The newest agents are the SGLT-2 inhibitors. This class of agents causes glucose wasting through the kidneys. Their effectiveness in older adults seems to be somewhat less than in younger adults. For older adults, the glucose lowering is in the 0.4% to 0.5% range, as compared to 1.0 to 1.5% for GLP-1 receptor agonists. SGLT-2 inhibitors are very similar to DPP-4 inhibitors in terms of their ability to lower A1c. Significant weight loss, in the range of 1 to 2 kilograms, has also been observed. Hypoglycemia risk is negligible; however, they do carry an increased risk of genitourinary tract infections in both men and women. SGLT-2 inhibitors also cause an osmotic diuresis, and this can cause some older adults to become hypotensive and dizzy.14

Table 2. Glycemic Goals for Older Adults
Organization/Guideline A1c Target
American Geriatrics Society 7.5%-8.0% 7.0%-7.5% 8.0%-9.0% General
Healthy/few comorbidities
Comorbidities/poor health
American Diabetes Association <7.5% <8.0% <8.5% Healthy
Complex/intermediate
Very complex/poor health
International Diabetes Federation 7.0%-7.5% 7.5%-8.0% Functionally independent
Functionally dependent

When it comes to setting glycemic targets for older adults, standards vary from one organization to the next. As shown in the table above, the American Geriatrics Society (AGS) has the most liberal goals, compared to other organizations. The AGS guidelines state that an older adult with poor health and significant comorbidities should have an A1c goal of between 8% and 9%.15 Such lenient glycemic goals would have been heresy 10 years ago, but recent data indicate that older adults with multiple comorbidities are unlikely to benefit from aggressive treatment and may be harmed.

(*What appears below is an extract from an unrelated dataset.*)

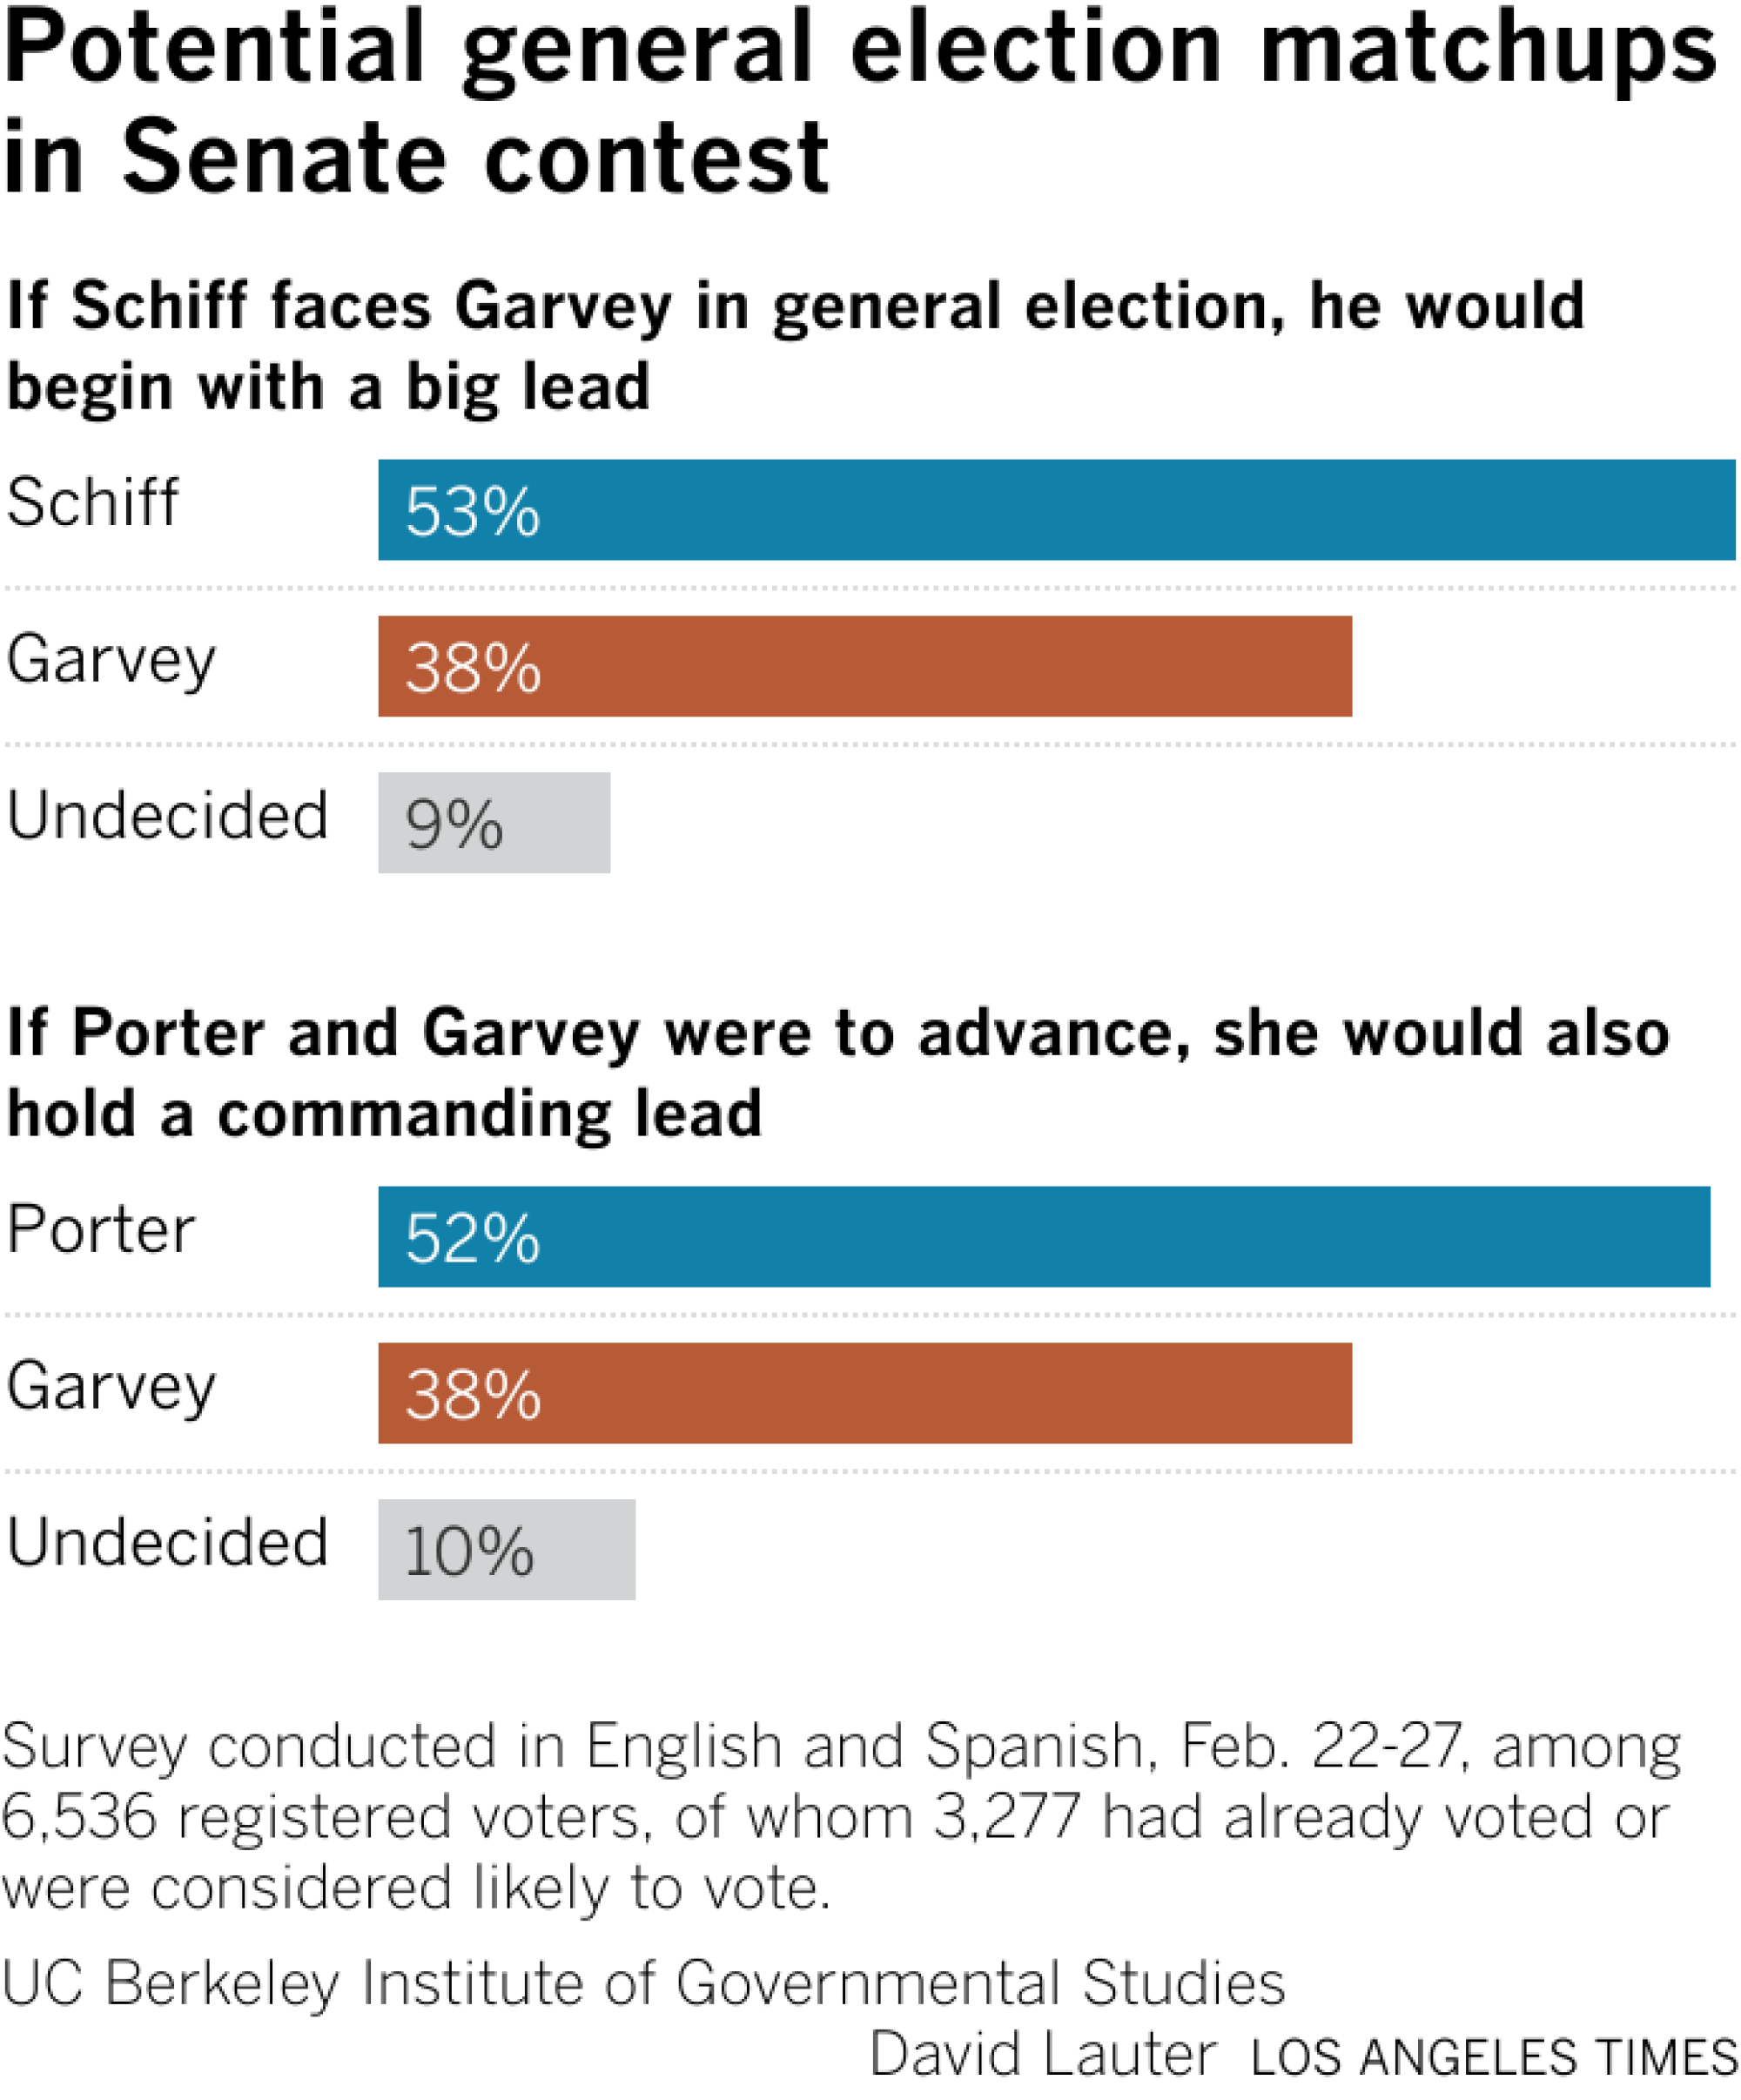 Bar chart shows the share of voters backing Schiff (53%), Garvey (38%) and undecided (9%)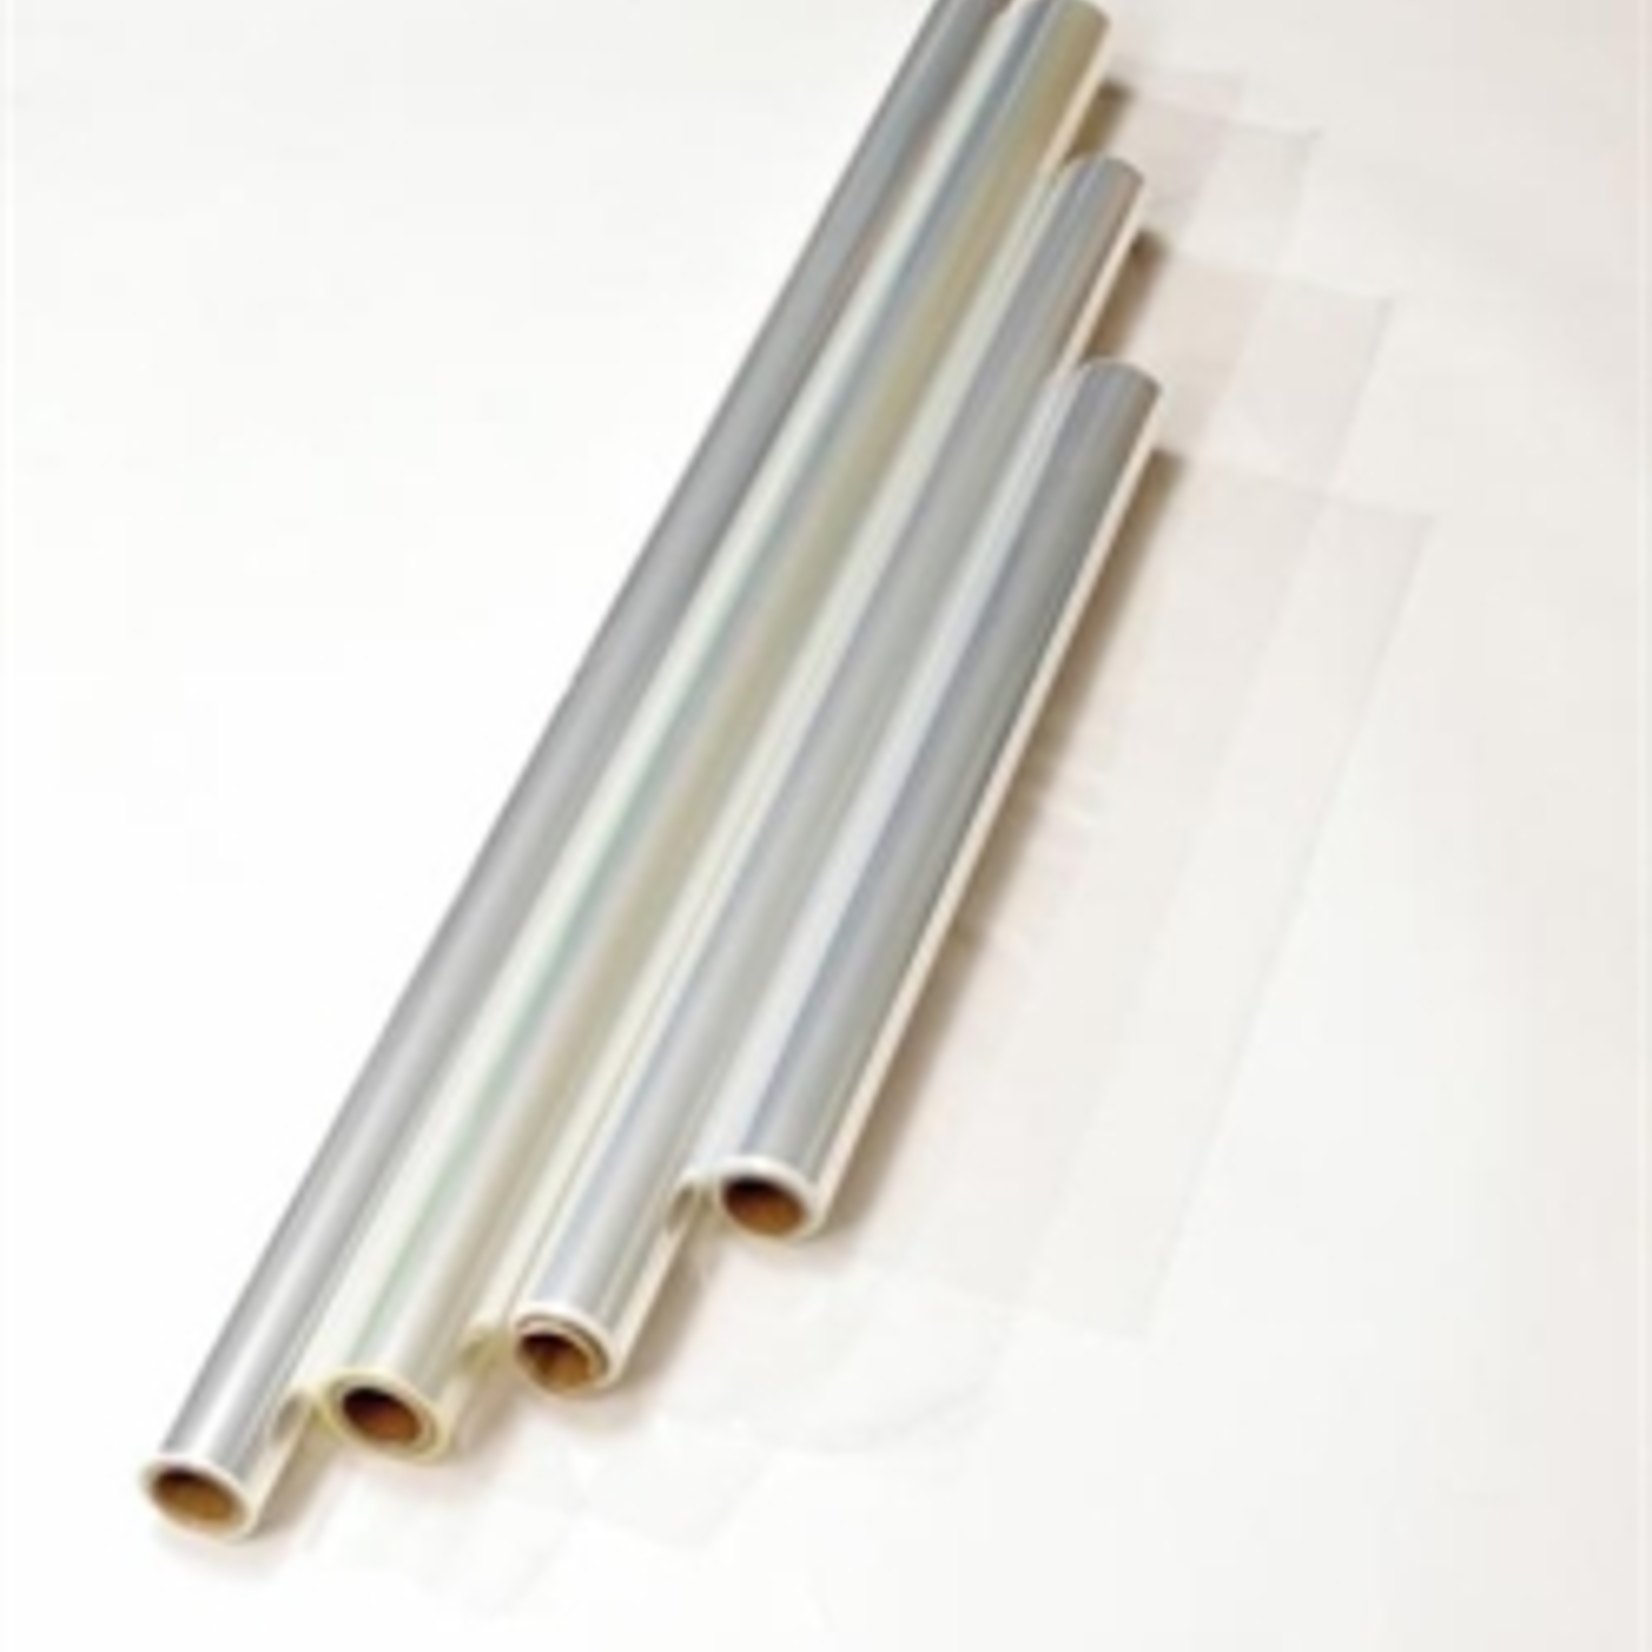 Cellophane Rolls 20"" x 100' clear

Figure 8. Framework to Assist in Determining Glycemic Targets

Treatment goals can be more intense for some patients than for others. Intense treatment is most appropriate for patients who are highly motivated; have good adherence to medications, blood glucose monitoring, and medical appointments; excellent capacity for self-care; low risk of hypoglycemia; age in the 40s or 50s; have only recently been diagnosed; and have few comorbidities. They might have high blood pressure with dyslipidemia, but they have no end organ damage and no established cardiovascular disease. These are the kinds of patients with whom we should be trying to achieve normal or near-normal targets. At the other end of the spectrum are patients with poor self-care behaviors or those who are much older, who have had diabetes for decades, and who have many comorbidities. In these patients, an A1c target of 8% to 9% is perfectly acceptable.16

In summary:

  • Diabetes is very common in older adults but this patient population is very heterogeneous.
  • Glycemic targets need to consider several factors including age, health status, life expectancy, cognition, and risk of hypoglycemia.
  • Available choices to treat diabetes have doubled in the past 10 years making therapeutic decision making more challenging.
  • Newer agents offer some advantages, but at a higher cost; and long-term benefits and adverse effects are not yet fully understood.
  • Hypoglycemia, weight gain, and cardiovascular complications are all issues we must consider when developing the therapeutic plan.

Part III. Case Studies

Clinical Case #1

Mrs. T is an 84-year-old retired waitress. She presents to a pharmacotherapy clinic for follow-up of T2DM of 21 years’ duration. She is upset that her A1c is not <7.0%. Mrs. T lives alone in an assisted living facility; she self-manages her diabetes, but can request help from staff if needed.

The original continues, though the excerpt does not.